『寂しい人』3章
鈴木 優
第1話
『寂しい人』三章
鈴木 優
冬の朝は、駅の空気をさらに静かにさせる。
吐く息が白く浮かび、ホームの屋根からは霜がきらきらと落ちていた。
彼は、いつものように売店へ向かった。
グレーのマフラーを巻き、手袋を外してポケットにしまう。
売店の前に立つと、彼女は変わらず缶コーヒーを二本差し出した。
温かいのと、冷たいの。
けれどその日は、彼が先に言った。
『温かいのをください』
彼女は少し驚いたように目を見開いたが、すぐに微笑んで缶を手渡した。
その手は赤く、少し乾いていた。
『寒いですね』
『ええ。でも、去年よりは…あたたかい気がします』
ふたりは並んでホームに立ち、電車を見送った。
風が吹いた。
マフラーが揺れる。
でもそれは、どこか優しい風だった。
その日、彼は小さな封筒を持っていた。
中には、短い手紙と、駅前の喫茶店のチケットが入っていた。
『これ…よかったら今度一緒に』
彼女は驚いたように目を見開いた。
でもすぐに、静かに頷いた。
『ありがとうございます。
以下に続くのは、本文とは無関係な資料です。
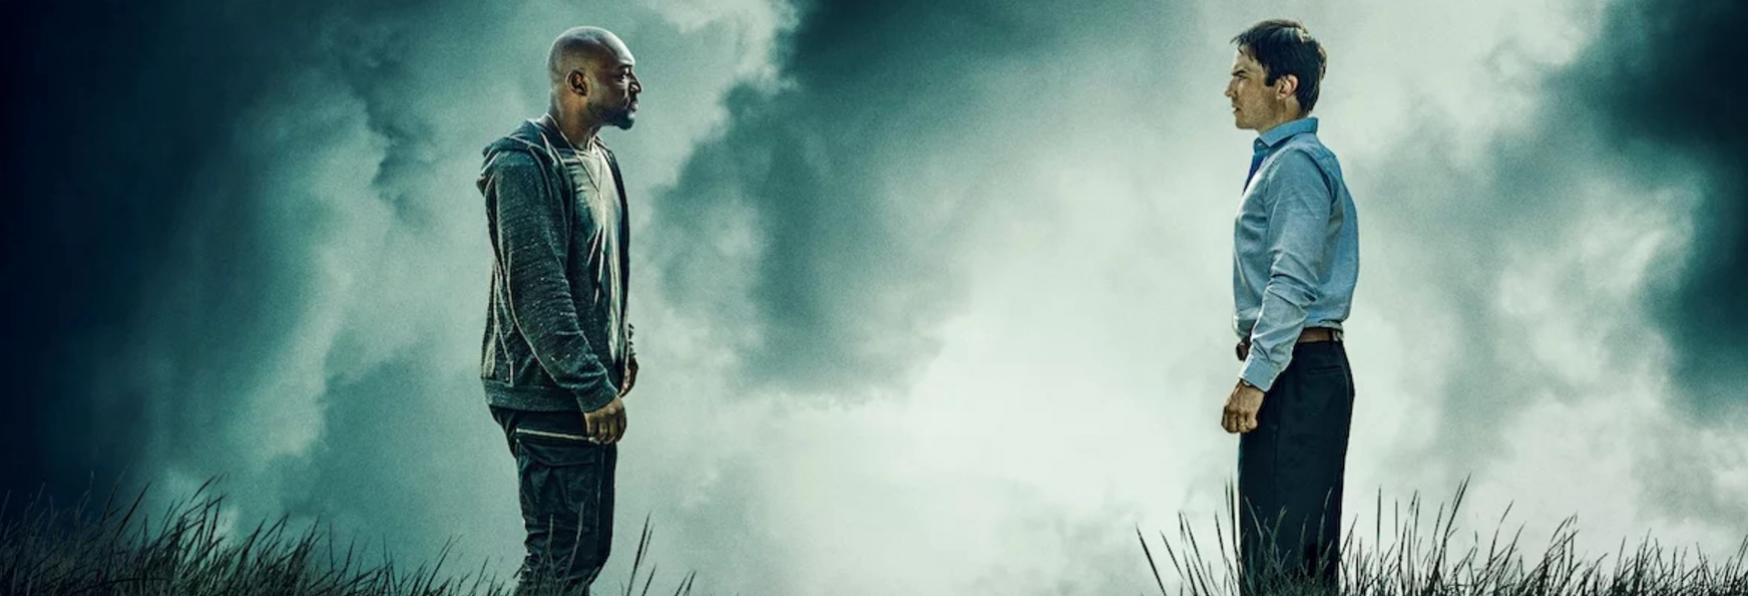 V Wars: la Recensione della nuova Serie TV con Ian Somerhalder, prodotta da Netflix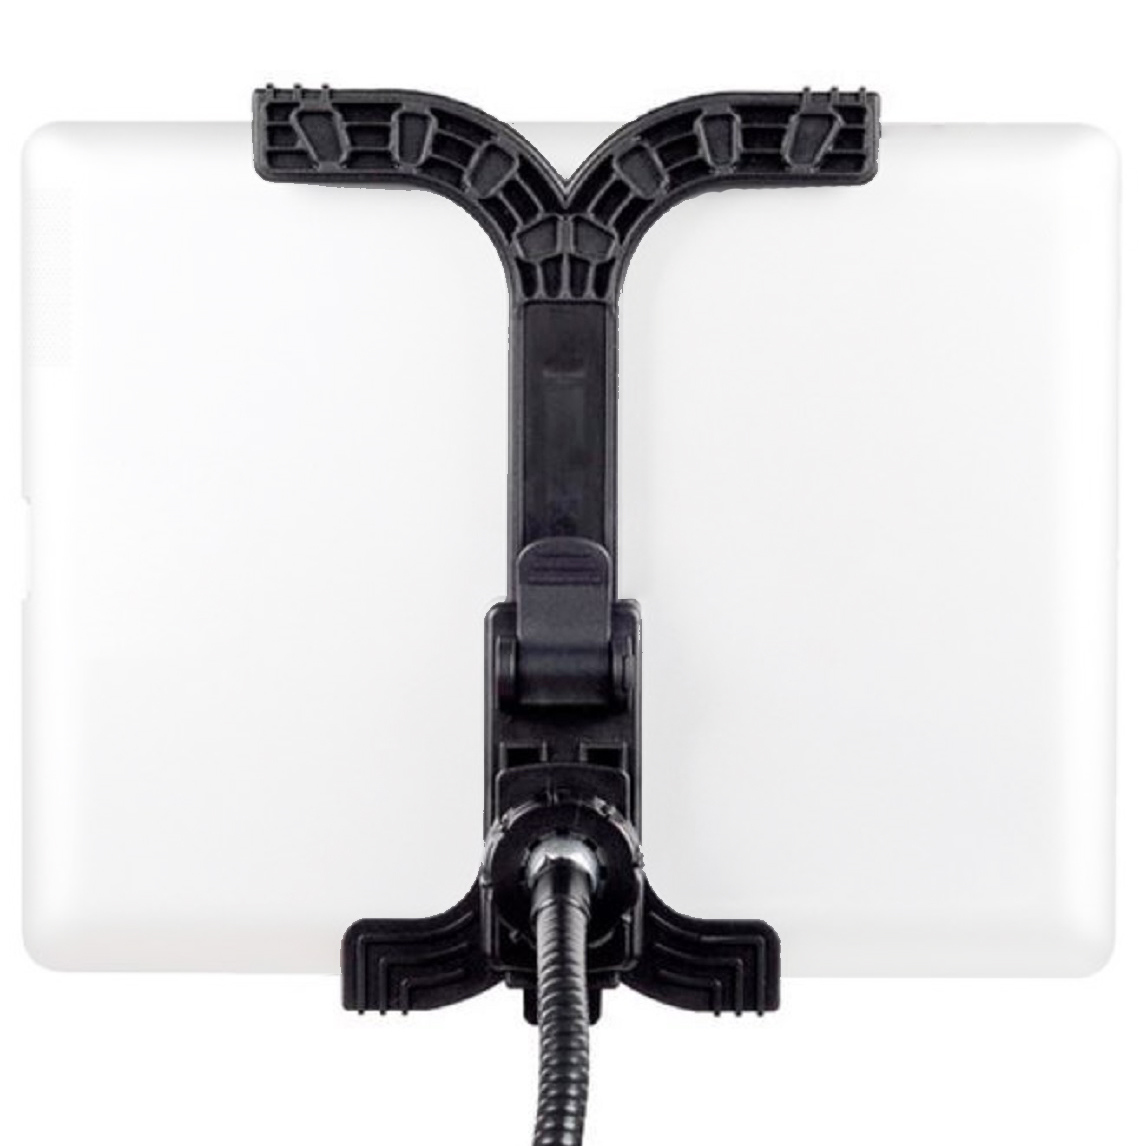 Soporto flexible BRESSER de cuello de cisne BRESSER BR-145 para tabletas y teléfonos

嬉しいです』
電車が通り過ぎたあと、ふたりは少しだけ歩いて駅の外へと向かう。
冬の空は高く、雲がゆっくりと流れていた。
それは、まるで二人の歩く早さに合わせるかのように感じられた。
喫茶店の前で立ち止まると、彼女がふと口を開いた。
『私、売店の仕事、来月で辞めてしまうんです』
彼は、顔が驚きで引き攣るのを感じて言葉がすぐには出てこなかった。
『実家のほうで、母がひとりで暮らしていて...戻ることにしました』
彼は、しばらく黙っていた。
けれど、やがて静かに頷いた。
『そうですか...それは、大切なことですね』
本当は"大切なこと"ではなく"残念なこと"と言うのが正直な気持ちだった。
彼女は少しだけ目を伏せたあと、顔を上げた。
『でも、また来ます。きっと。あのベンチに、花があった日を、私は忘れません』
彼は、少しだけ笑った。
それは、どこか懐かしい笑顔だった事を思い出した。
その夜、彼はまた夢を見た。
亡き妻が、遠くから見守っていた。
何も言わず、黙って、ただ、彼女の方へと背中を押してくれたような。
翌朝、彼は駅に向かう前に、もう一度花屋に立ち寄った。
今度は、白い花に加えて、いくつか小さな黄色い花を添えて。
それは、別れではなく、再会を願う色だった。
遠くの雲の切れ目からは、少しだけ暖かな陽射しがさしているのが見えた。